### INFORMATION SHOWN:
+++++

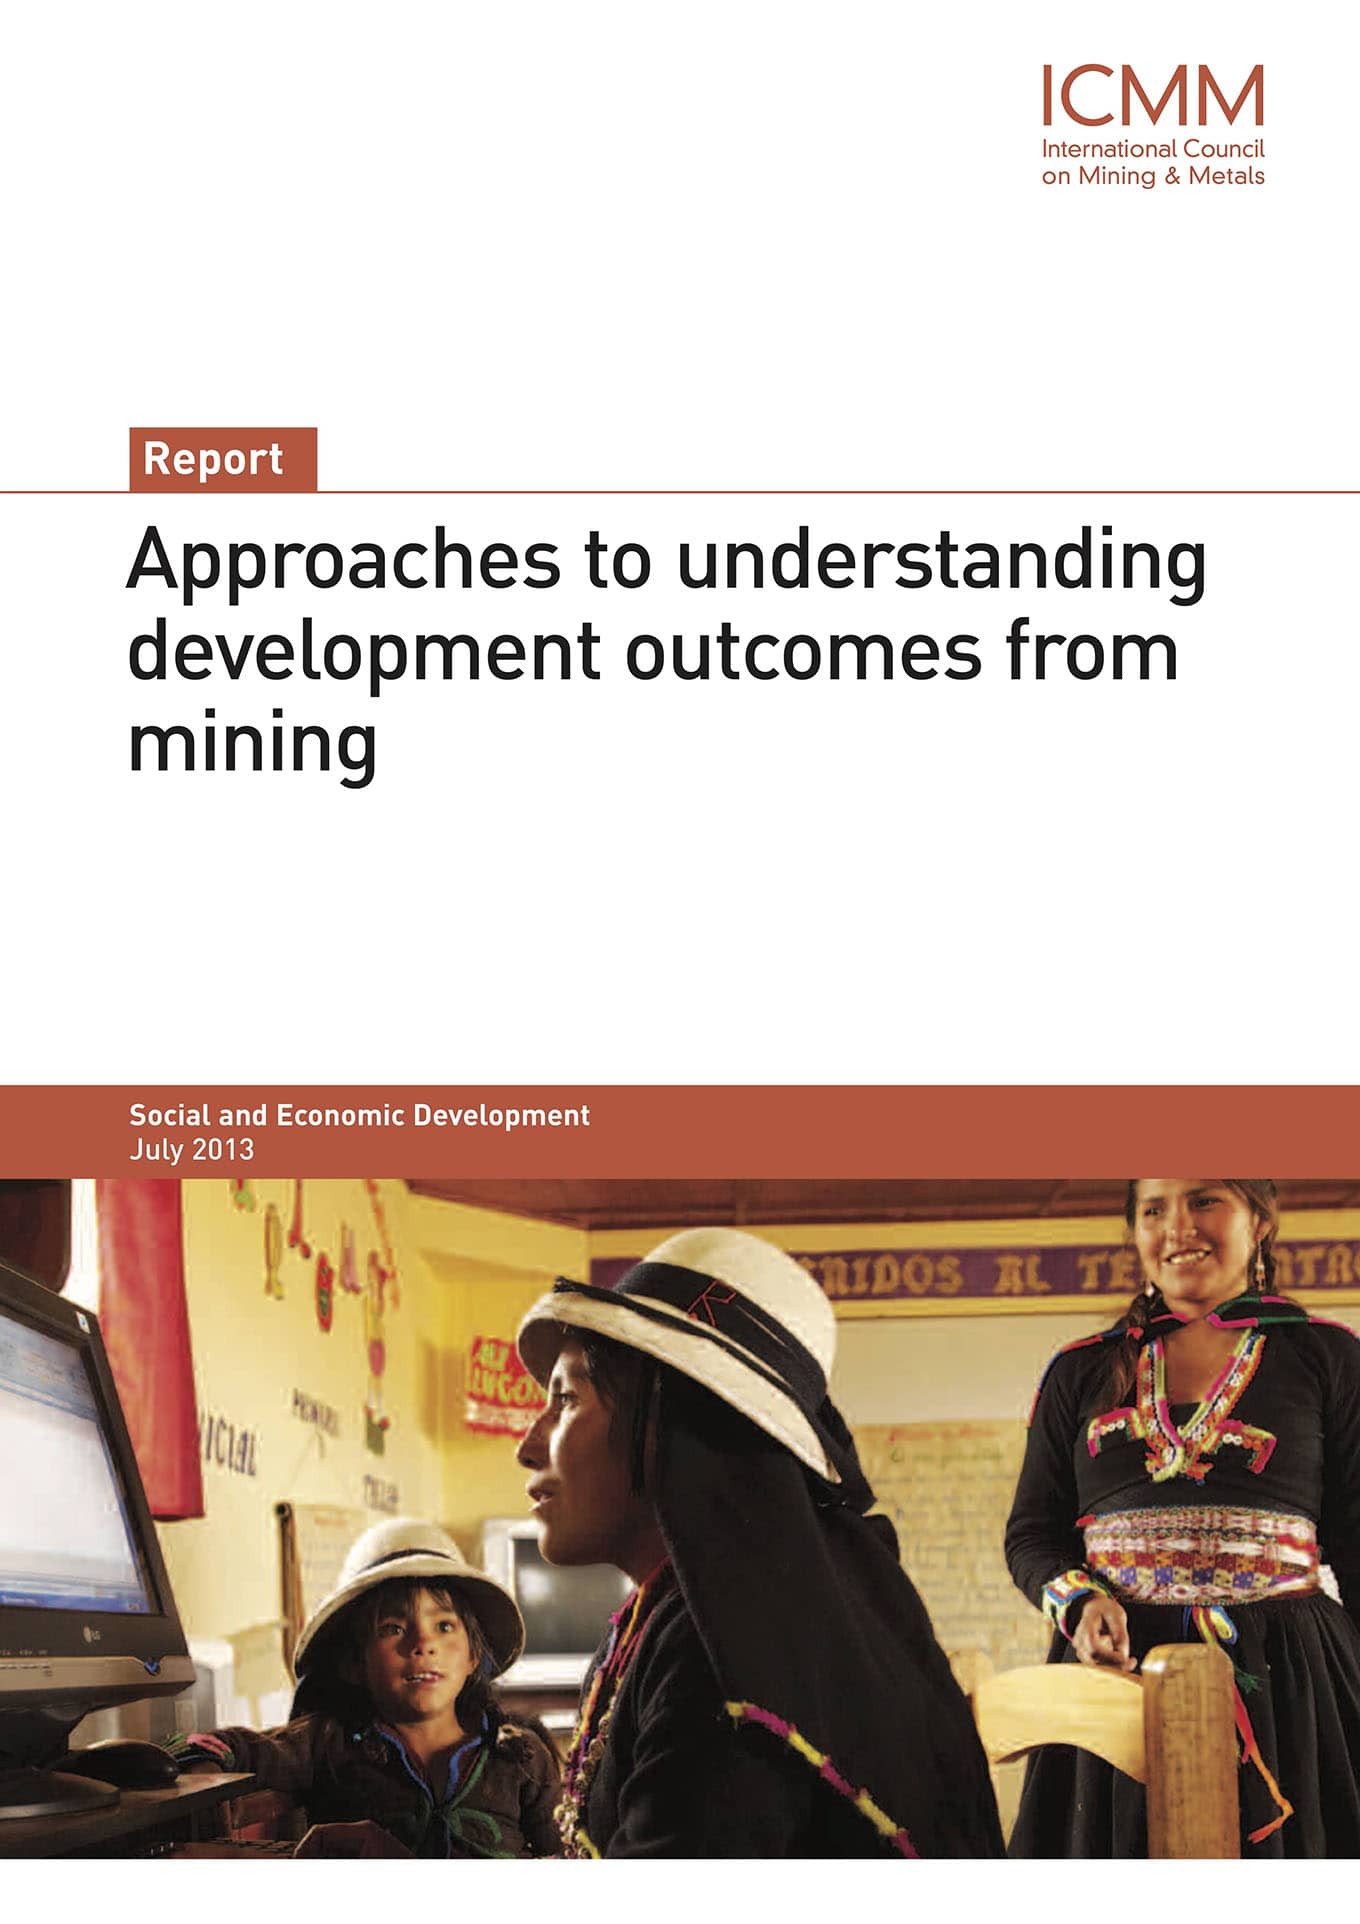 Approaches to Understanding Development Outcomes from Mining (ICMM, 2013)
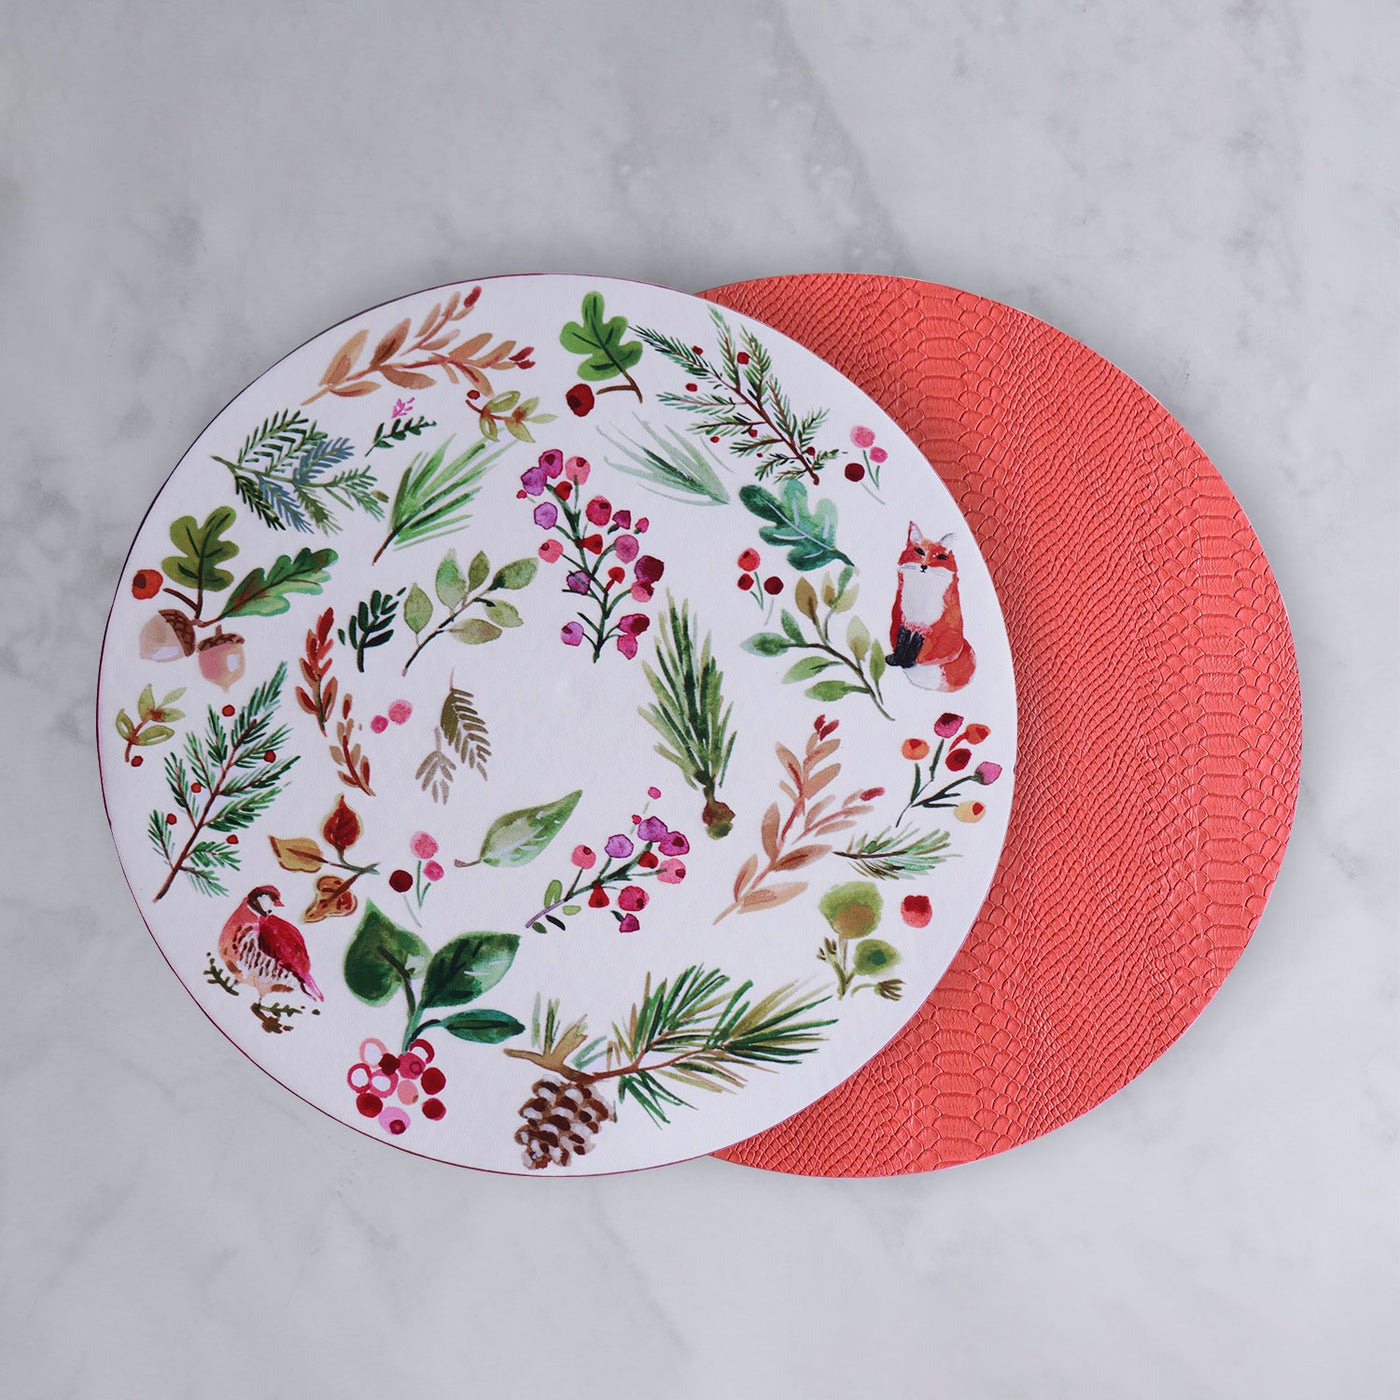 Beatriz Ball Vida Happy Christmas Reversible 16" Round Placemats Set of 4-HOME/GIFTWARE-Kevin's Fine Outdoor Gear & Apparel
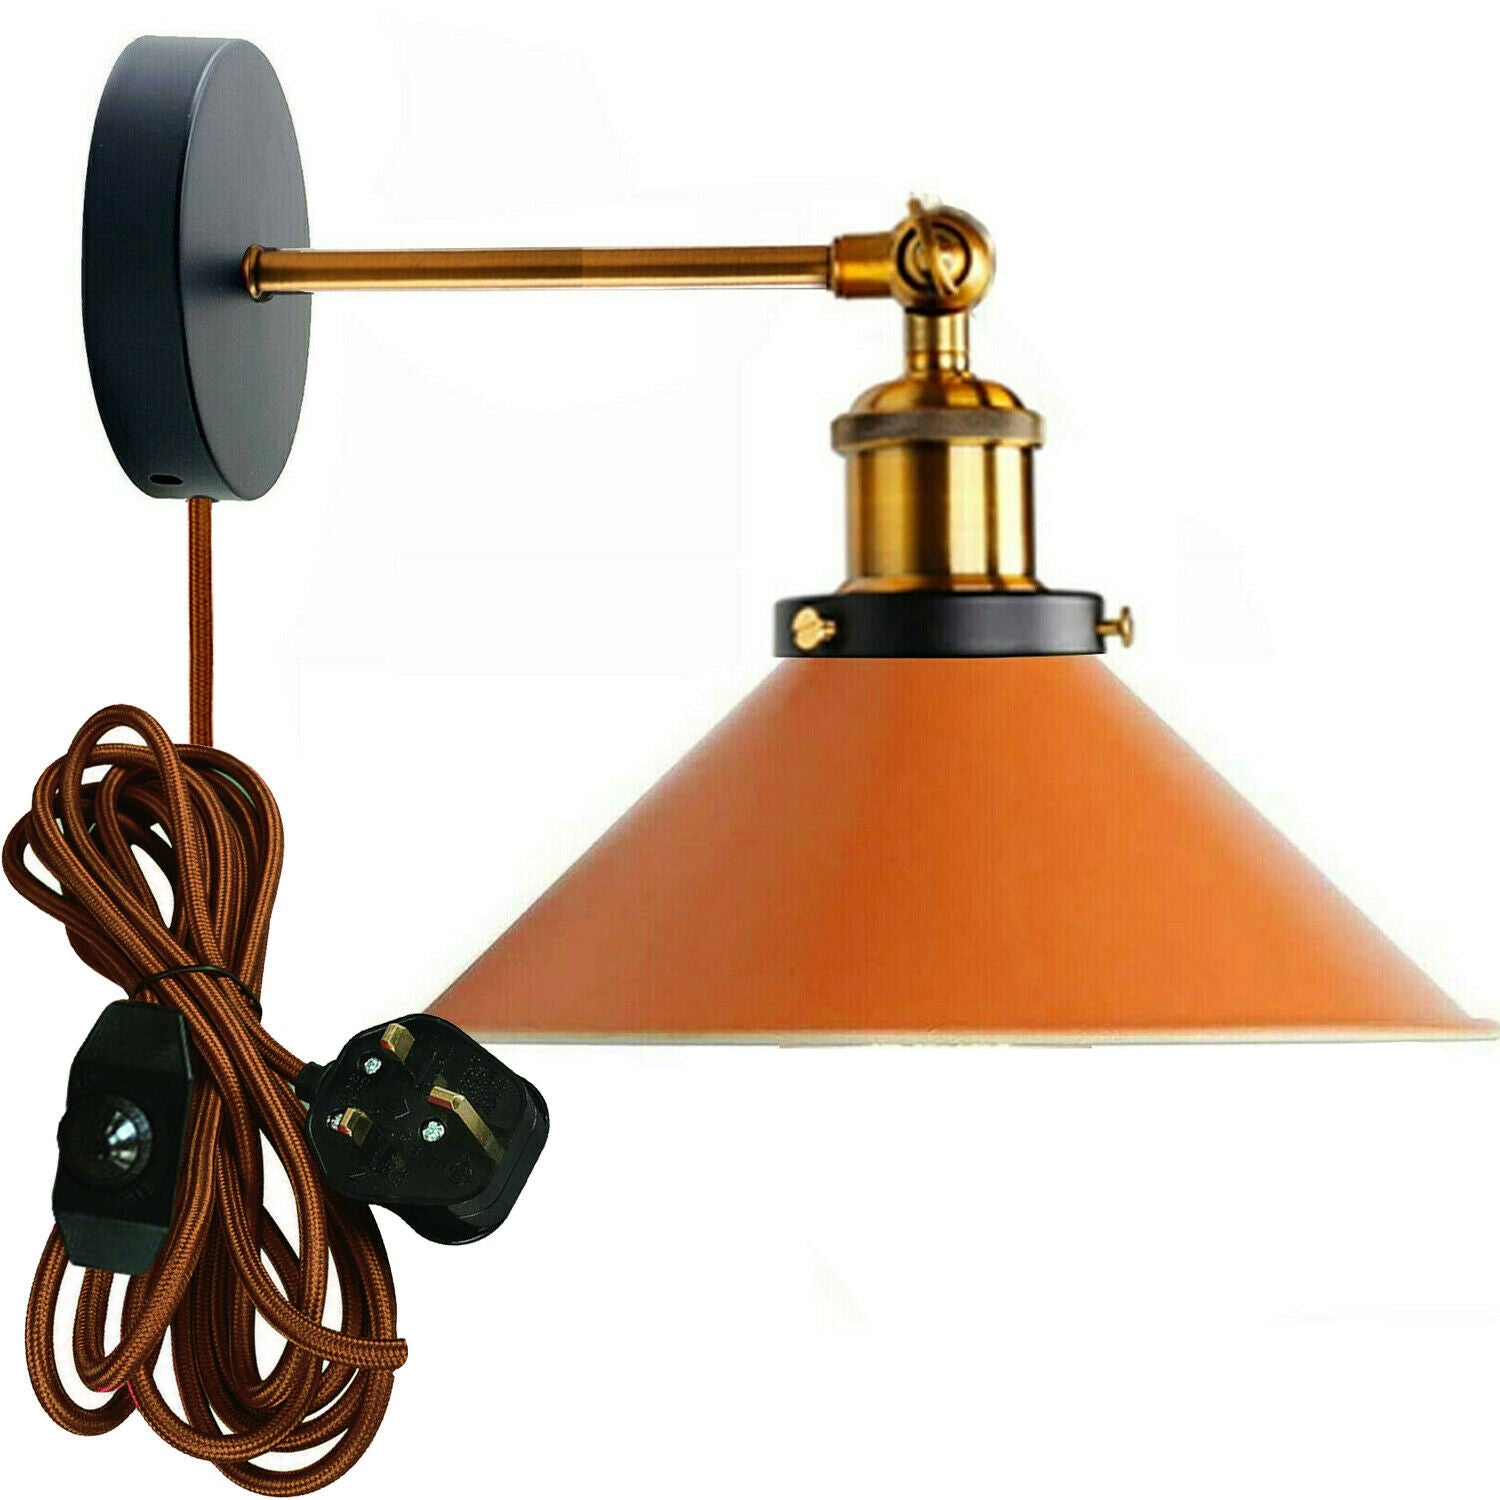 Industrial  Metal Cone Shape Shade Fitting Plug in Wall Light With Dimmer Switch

+++++

### PROBLEM DETAILS:
All of the data above must be printed exactly, minus its pictures.

### OUTPUT OF THE EXERCISE:
 Approaches to Understanding Development Outcomes from Mining (ICMM, 2013)
 Beatriz Ball Vida Happy Christmas Reversible 16" Round Placemats Set of 4-HOME/GIFTWARE-Kevin's Fine Outdoor Gear & Apparel
 Industrial  Metal Cone Shape Shade Fitting Plug in Wall Light With Dimmer Switch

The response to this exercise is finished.